Streaming STT
This guide explains how to implement streaming speech-to-text. Two modes are supported: 1) gRPC and 2) WebSocket. See Streaming STT - gRPC and Streaming STT - WebSocket. For file-based conversion, see Batch STT.
caution
Streaming STT is limited by concurrent channels. See Rate limit.
Supported encodings
LINEAR16, FLAC, MULAW, ALAW, AMR, AMR_WB, OGG_OPUS, OPUS.
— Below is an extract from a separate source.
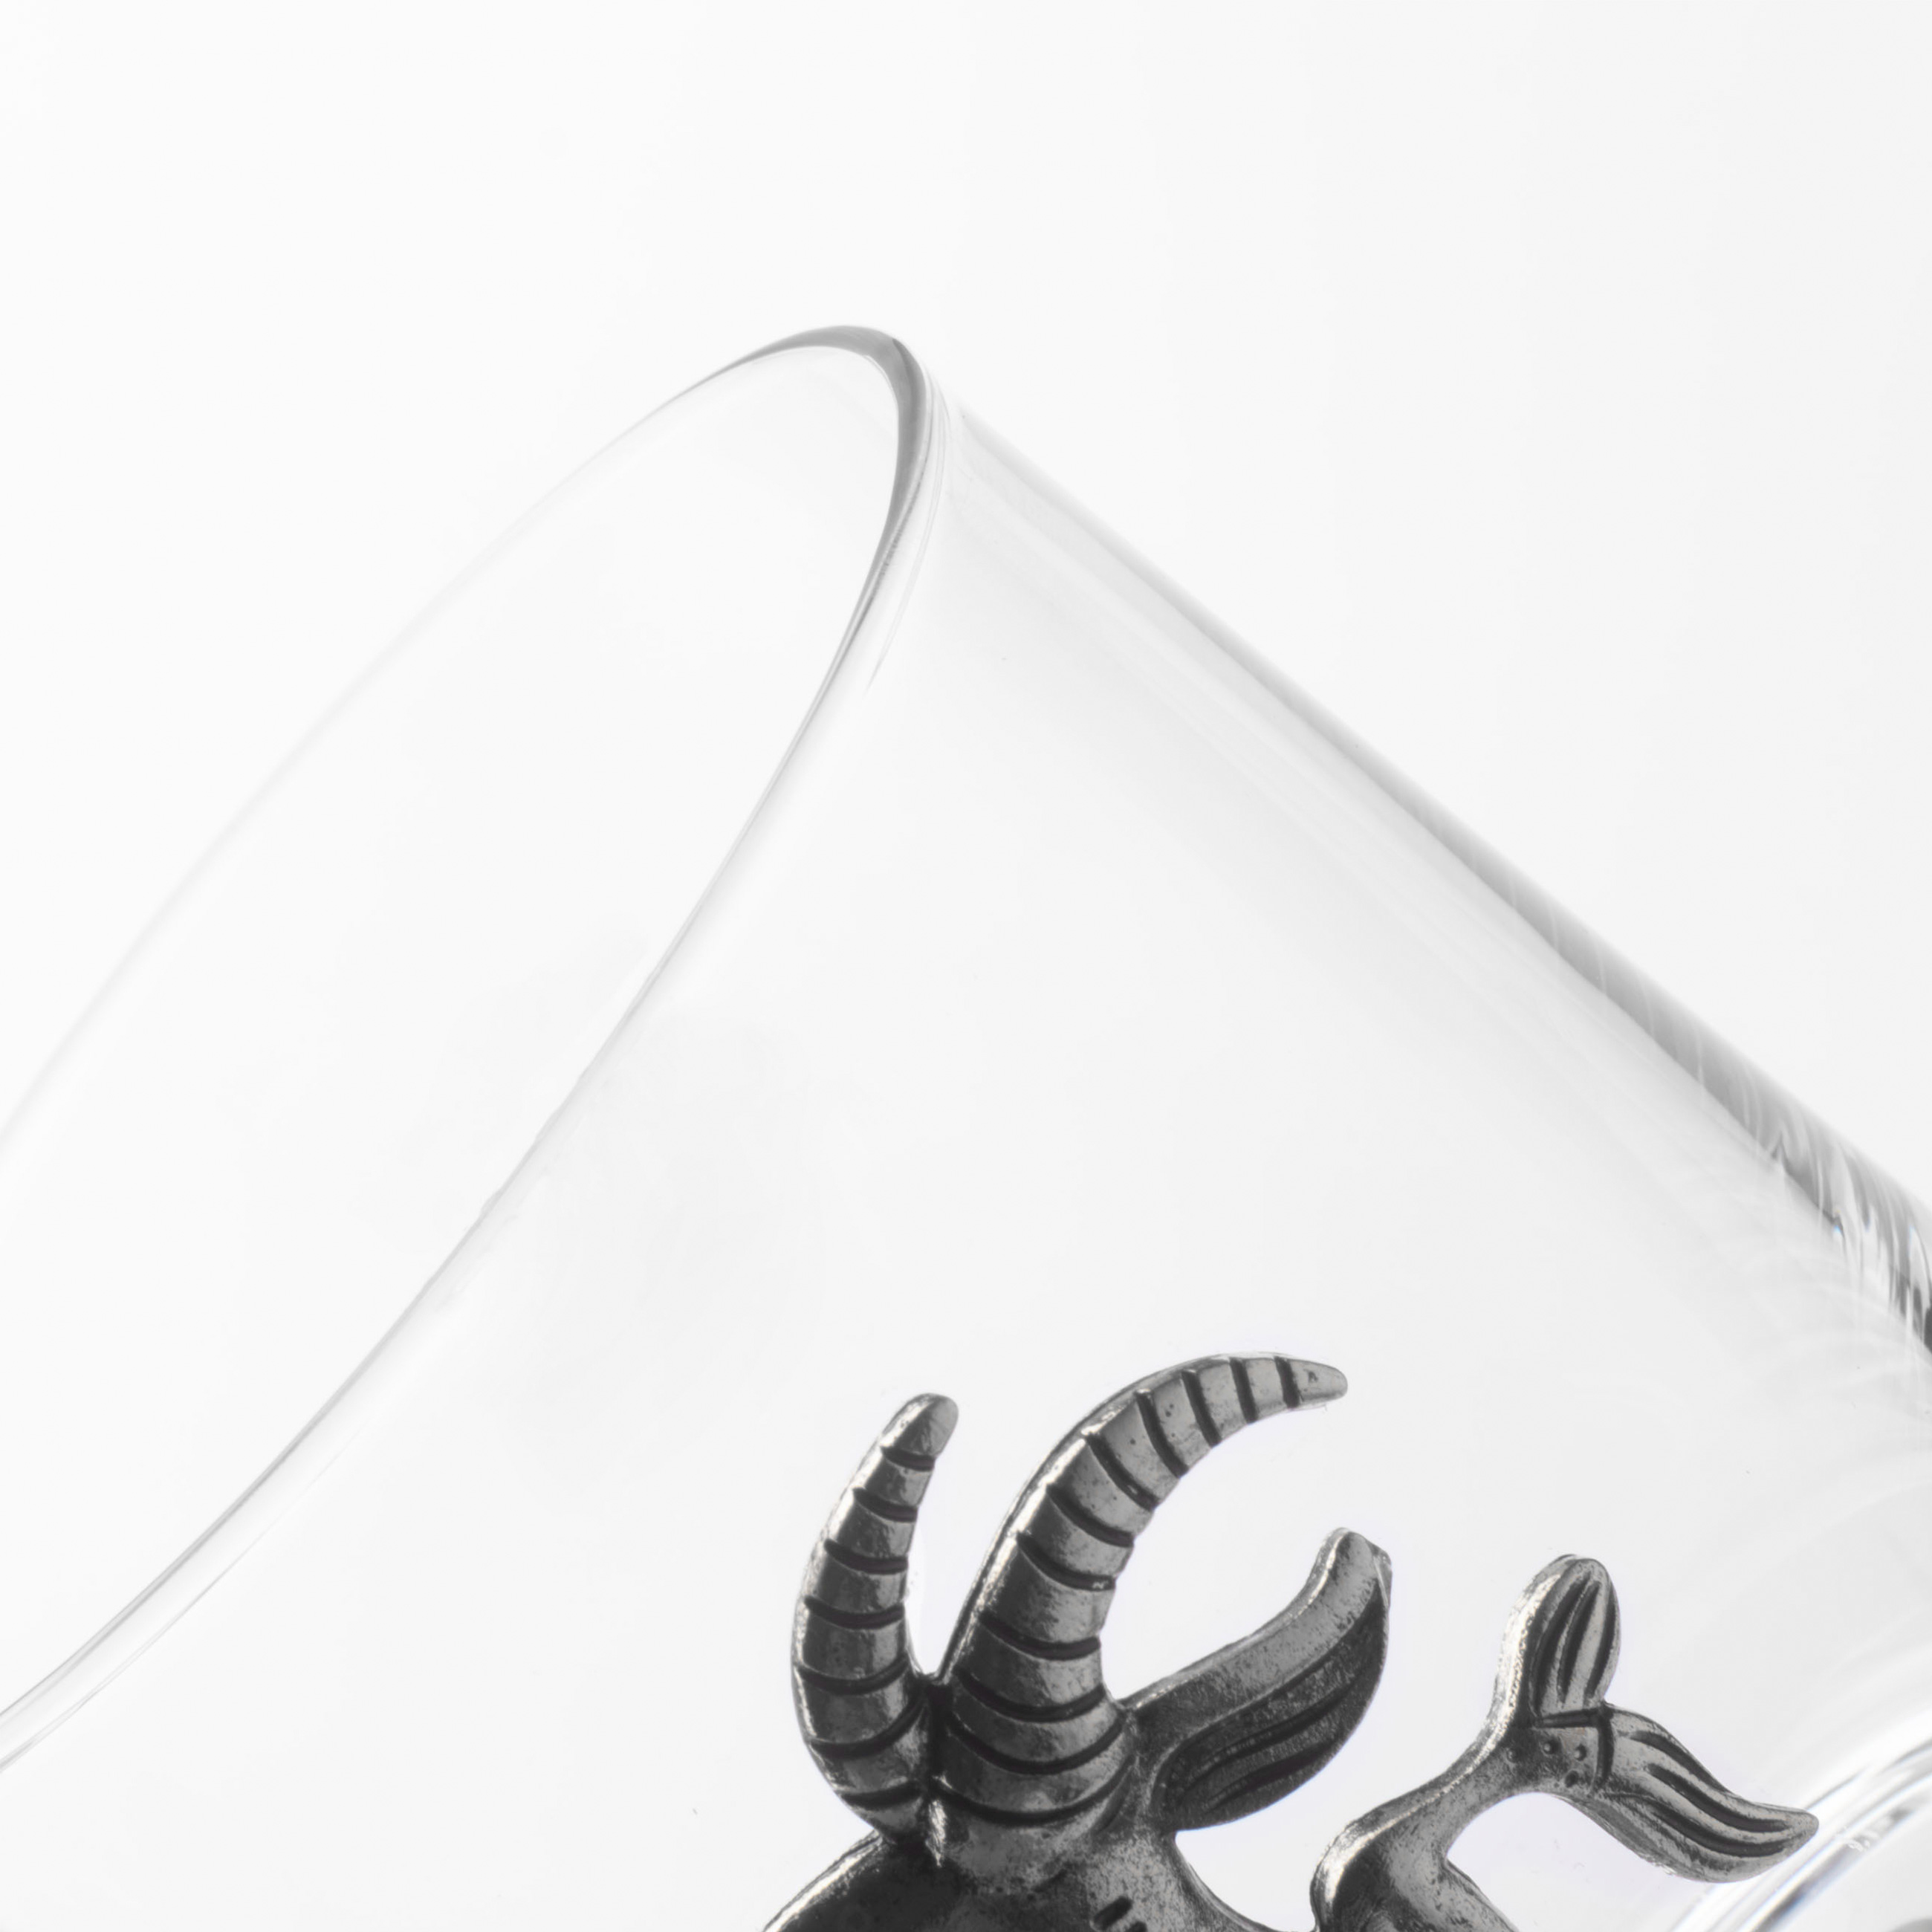 Стакан для виски, 340 мл, стекло/металл, серебристый, Козерог, Zodiac изображение № 4

- LINEAR16, MULAW, ALAW, AMR, AMR_WB: send raw audio frames
- OGG_OPUS: send OPUS frames in OGG container
- OPUS (raw) is supported for gRPC only; contact us to use it
Common DecoderConfig/Parameters
Name | Type (gRPC / WebSocket) | Description | Required | Default |
---|---|---|---|---|
sample_rate | int | 8000 ~ 48000 Hz | Yes | - |
encoding | AudioEncoding / string | See supported encodings | Yes | - |
model_name | string | sommers_ko (Korean), sommers_ja (Japanese), whisper (multilingual) | No | sommers_ko |
domain | string | See Domain | No | CALL |
use_itn | bool | See ITN | No | true |
use_disfluency_filter | bool | See Disfluency | No | false |
use_profanity_filter | bool | See Profanity | No | false |
use_punctuation | bool | Use punctuation | No | false |
keywords | string[] / string | See Keyword boosting | No | - |
language | string | Required for whisper; see supported list | No | ko |
Keyword boosting
Boost or suppress recognition for specific words.
caution
This feature is only available for sommers_ko
model.
Format and usage
- gRPC:
string[]
- WebSocket: comma-separated
string
Each keyword can be:
- "word" (default score 2.0)
- "word:score"
caution
- Words must be written in Korean phonetics
- Score range: -5.0 to 5.0
- Positive scores boost, negative suppress
- Max 100 words, ≤ 20 chars each
Example
// gRPC
["부스팅", "리턴제로:3.5", "에스티티:-1"]
// WebSocket
"부스팅,리턴제로:3.5,에스티티:-1"
Domain
- CALL (default): optimized for close-talk microphones and phone calls
- MEETING: optimized for distant-mic environments like meeting rooms
Choose based on your input environment.